8. The method of claim 1 where said simulated microgravity conditions comprise at least one of the following characteristics: low fluid shear stress, reduced surface tension as compared to 2-dimenional culture systems, 3-dimensional freedom for cell and substrate spatial orientation, and providing increased maintenance of tissue components in a natural spatial organization during the culture process.

9. The method of claim 1 where said brain tissue remains viable for a period of at least 10 days.

10. The method of claim 1 where said brain tissue exhibits natural response to electrophysiological stimuli.

11. The method of claim 1 where said brain tissue maintains natural neuronal circuitry.

12. A method for maintaining a natural neuronal circuit function in a culture of a three-dimensional section of brain tissue, said method comprising the steps of:

a. isolating said brain tissue with a natural neuronal circuit function;

c. culturing said brain tissue under microgravity conditions whereby said natural neuronal circuit function is maintained.

13. The method of claim 12 where said brain tissue is derived from a brainstem region, a diencepalon region, a cerebellum region a cerebrum region.

14. The method of claim 12 where said brain tissue is selected from the group consisting of: a hippocampal tissue, a thalamus tissue, a hypothalmus tissue, an epithalmus tissue, a basal ganglia tissue, a cortex tissue, a corpus collosum tissue and an amygdale tissue.

15. The method of claim 12 where said tissue is a hippocampal tissue.

16. The method of claim 15 where said hippocampal tissue is a tissue slice.

17. The method of claim 12 where said microgravity conditions are simulated microgravity conditions.

18. The method of claim 12 where said simulated microgravity conditions comprise at least one of the following characteristics: low fluid shear stress, reduced surface tension as compared to 2-dimenional culture systems, 3-dimensional freedom for cell and substrate spatial orientation, and providing increased maintenance of tissue components in a natural spatial organization during the culture process.

19. The method of claim 12 where said brain tissue remains viable for a period of at least 10 days.

20. The method of claim 12 where said brain tissue exhibits natural response to electrophysiological stimuli.

21. The method for isolating compounds that are effective against epilepsy, said method comprising the steps of:

a. isolating a brain tissue from an epileptic subject;

c. placing a compound in said culture vessel;

d. culturing said brain tissue in the presence of said compound under microgravity conditions whereby said brain tissue retains a natural tissue characteristic associated with an epileptic state; and

e. determining the effect of said compound on at least one of said natural tissue characteristic associated with said epileptic state.

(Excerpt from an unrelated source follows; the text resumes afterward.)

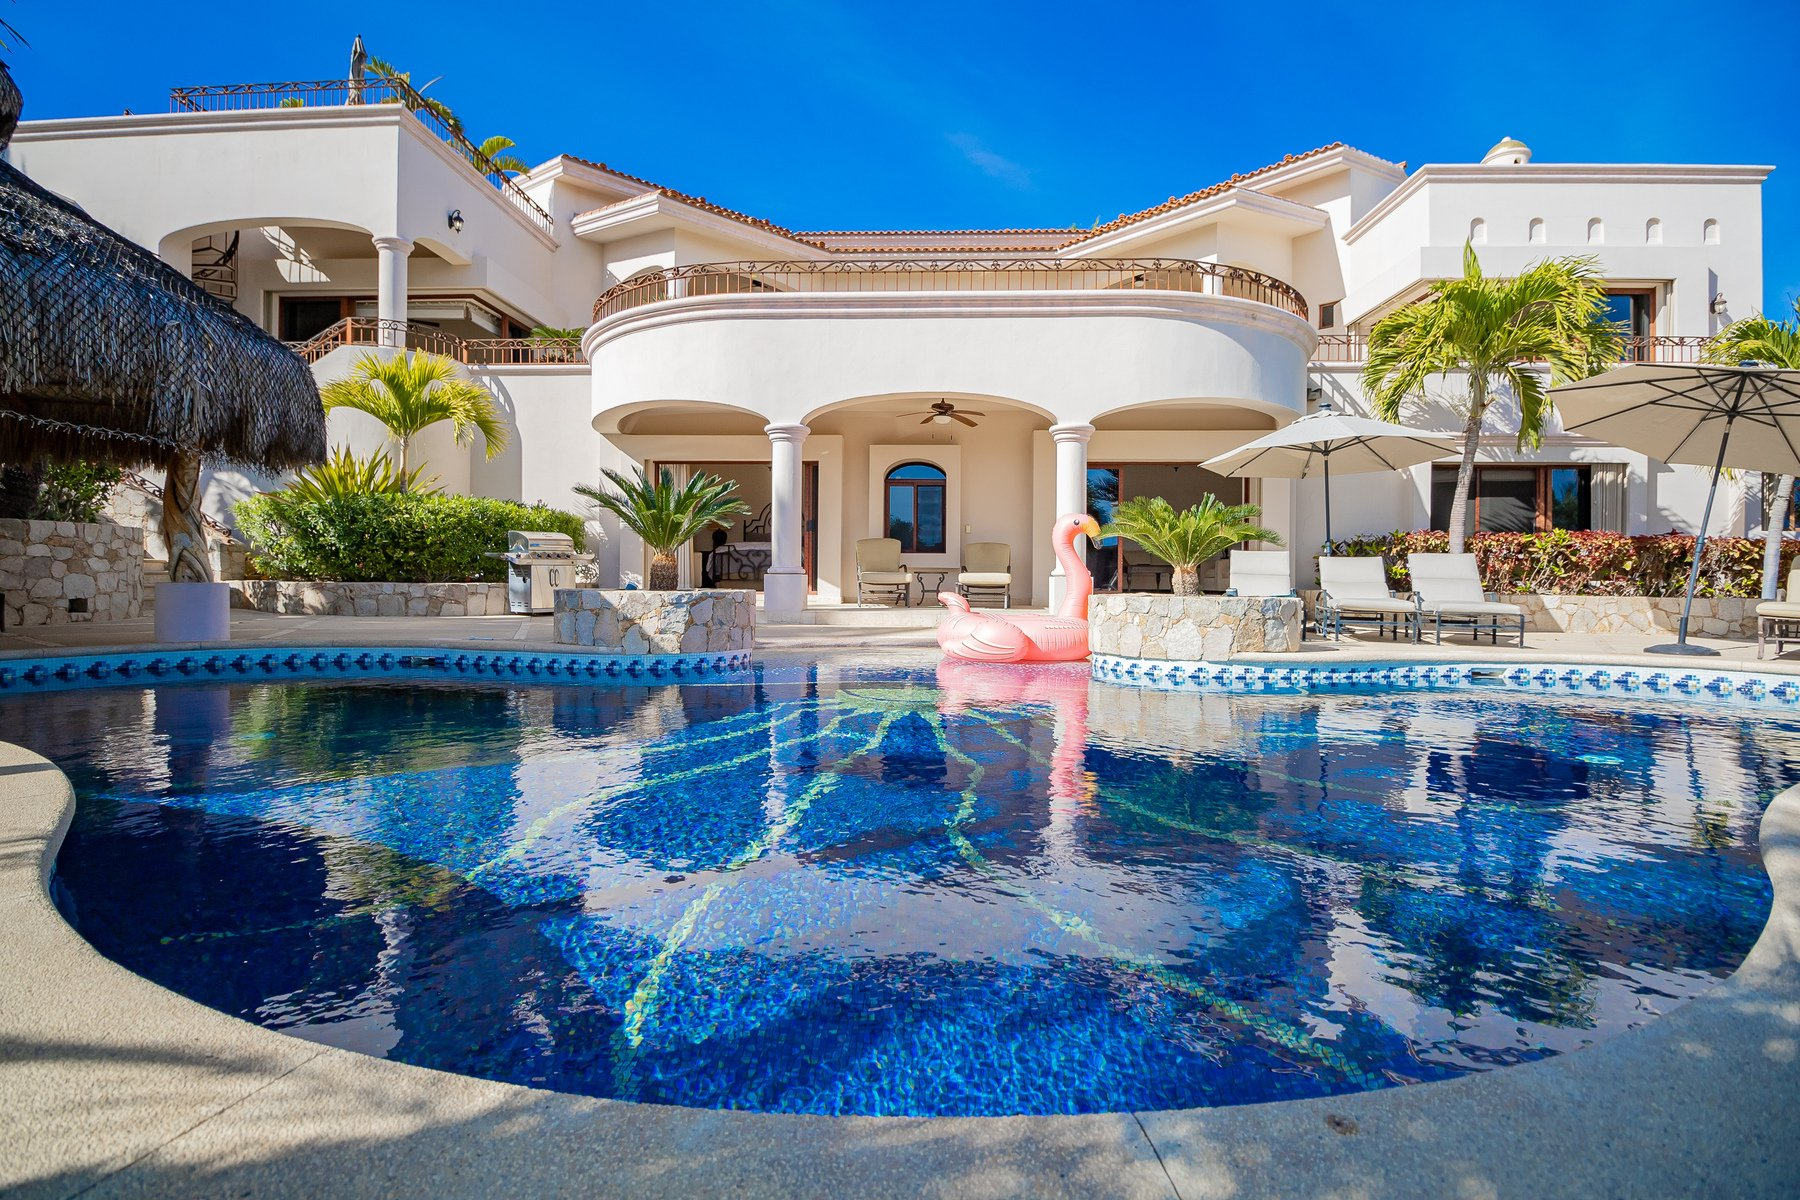 House in Baja California Sur, Mexico 1 - 11342923

22. The method of claim 21 where the subject is a mammal.

23. The method of claim 21 where the subject is a human.

24. The method of claim 21 where said natural tissue characteristic associated with the epileptic state is selected from the group consisting of: (i) tissue architecture, (ii) tissue organization, (iii) physiological responses to certain stimuli, (iv) physiological response to agonists and inhibitors, (v) electrophysiological responses, (vi) maintenance of neuronal circuits, and (vii) a combination of any of the foregoing.

25. The method of claim 21 where said brain tissue is derived from a brainstem region, a diencepalon region, a cerebellum region a cerebrum region.

26. The method of claim 21 where said tissue is a hippocampal tissue.

27. The method of claim 26 where said hippocampal tissue is a tissue slice.

28. The method of claim 21 where said microgravity conditions are simulated microgravity conditions.

29. The method of claim 28 where said simulated microgravity conditions comprise at least one of the following characteristics: low fluid shear stress, reduced surface tension as compared to 2-dimenional culture systems, 3-dimensional freedom for cell and substrate spatial orientation, and providing increased maintenance of tissue components in a natural spatial organization during the culture process.